#### [Task objective]
Drop all images. Then write out each line below exactly as given.

#### [Dataset content]
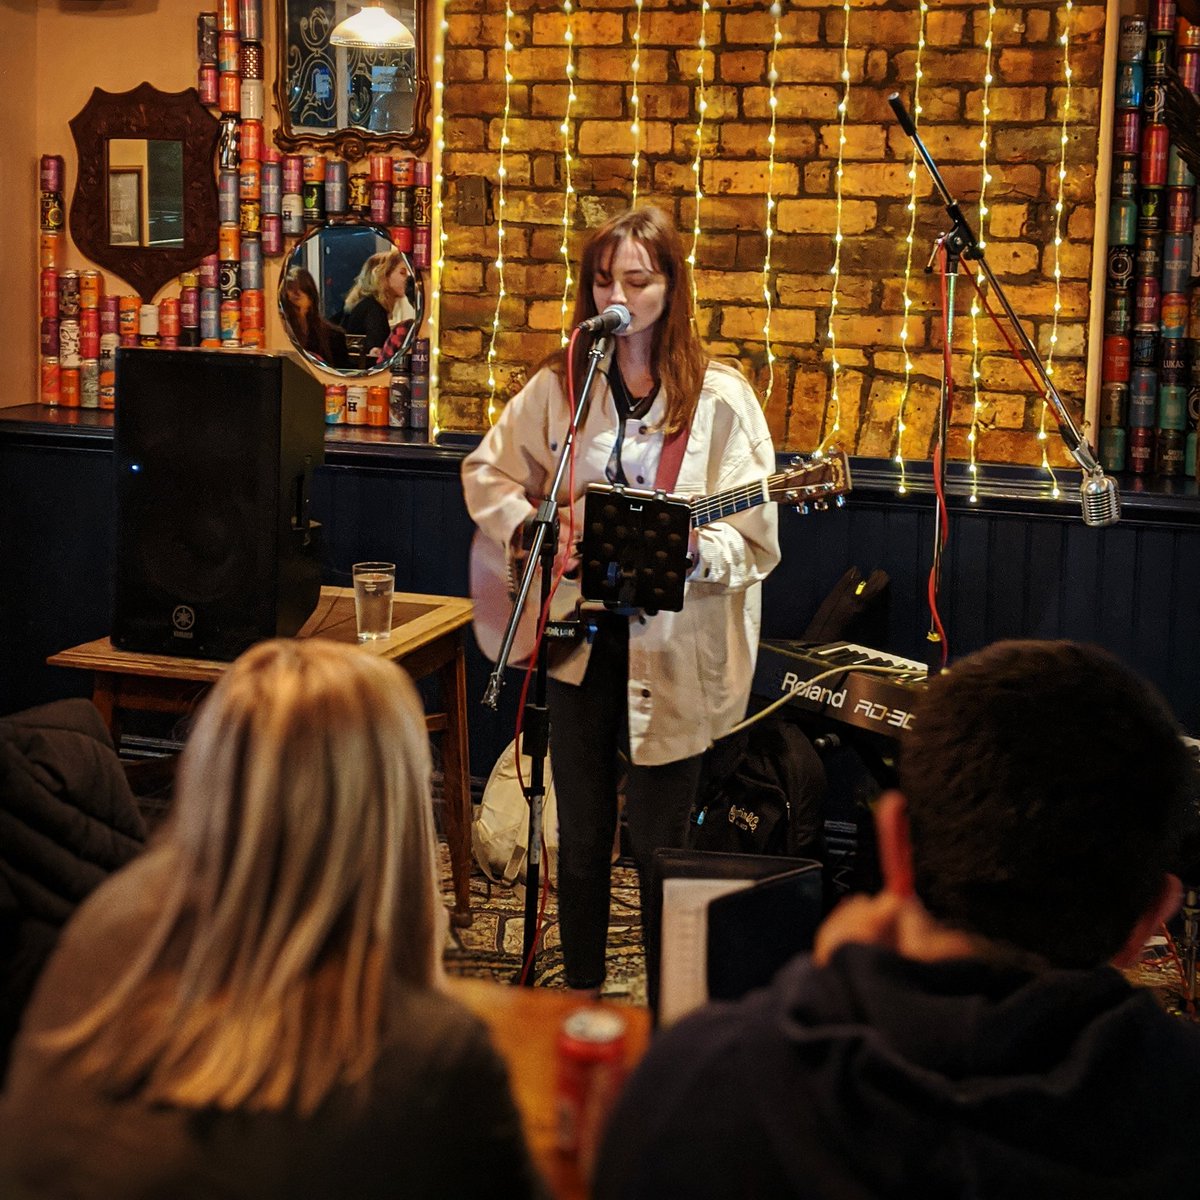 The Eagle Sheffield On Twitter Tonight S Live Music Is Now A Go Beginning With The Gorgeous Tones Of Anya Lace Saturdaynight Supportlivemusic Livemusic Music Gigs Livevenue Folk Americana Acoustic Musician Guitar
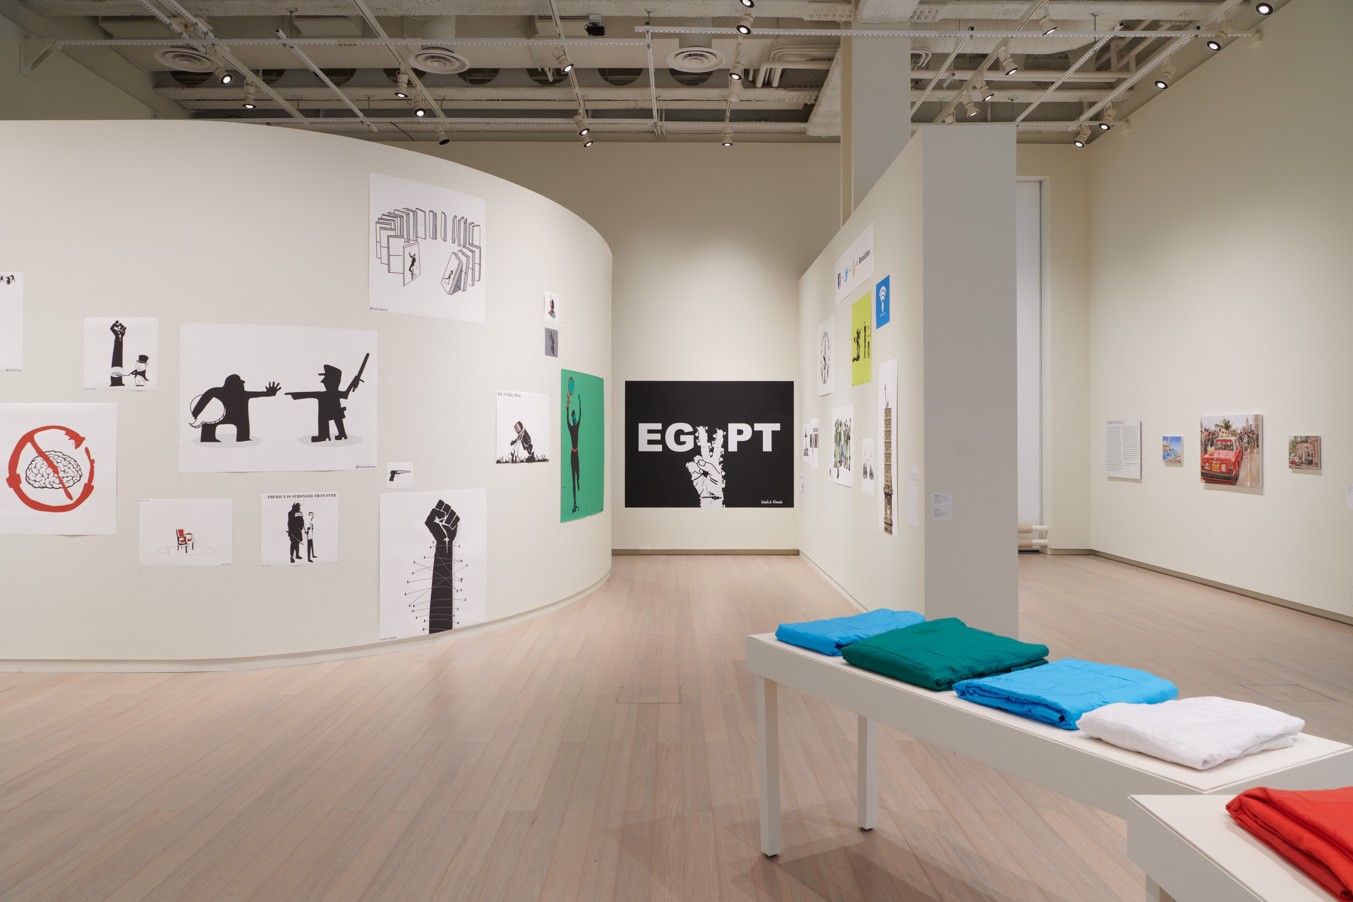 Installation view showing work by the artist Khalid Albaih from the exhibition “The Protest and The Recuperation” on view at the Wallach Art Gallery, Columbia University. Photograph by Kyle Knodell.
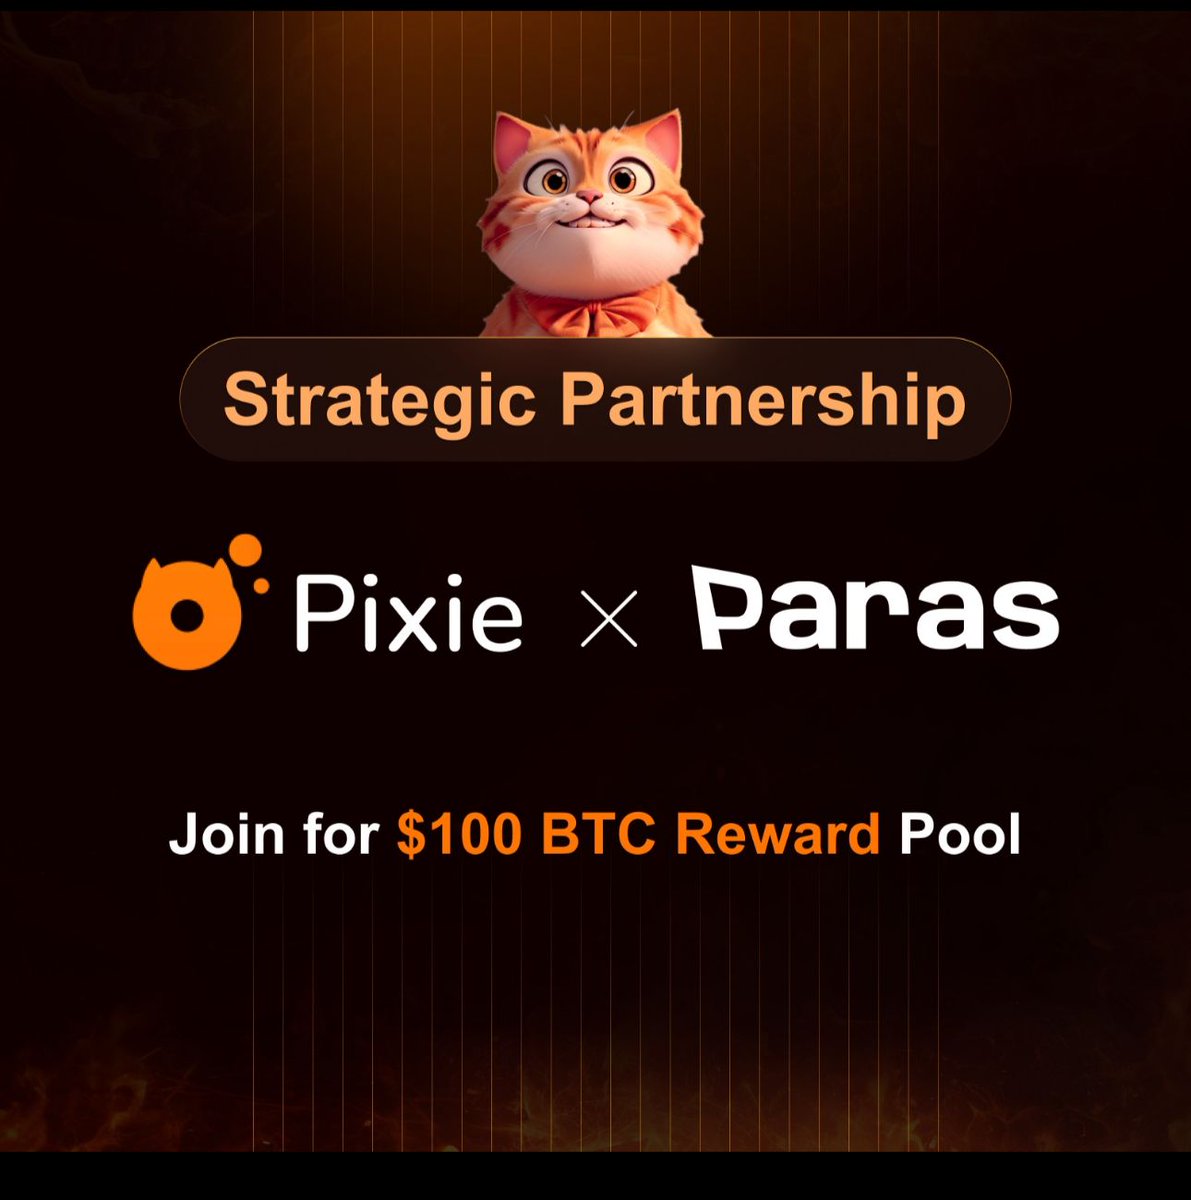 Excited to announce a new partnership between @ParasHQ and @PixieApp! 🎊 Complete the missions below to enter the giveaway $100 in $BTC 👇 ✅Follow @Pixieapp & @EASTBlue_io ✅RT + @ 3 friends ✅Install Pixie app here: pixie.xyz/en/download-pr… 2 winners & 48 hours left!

#### [Written response]
 The Eagle Sheffield On Twitter Tonight S Live Music Is Now A Go Beginning With The Gorgeous Tones Of Anya Lace Saturdaynight Supportlivemusic Livemusic Music Gigs Livevenue Folk Americana Acoustic Musician Guitar
 Installation view showing work by the artist Khalid Albaih from the exhibition “The Protest and The Recuperation” on view at the Wallach Art Gallery, Columbia University. Photograph by Kyle Knodell.
 Excited to announce a new partnership between @ParasHQ and @PixieApp! 🎊 Complete the missions below to enter the giveaway $100 in $BTC 👇 ✅Follow @Pixieapp & @EASTBlue_io ✅RT + @ 3 friends ✅Install Pixie app here: pixie.xyz/en/download-pr… 2 winners & 48 hours left!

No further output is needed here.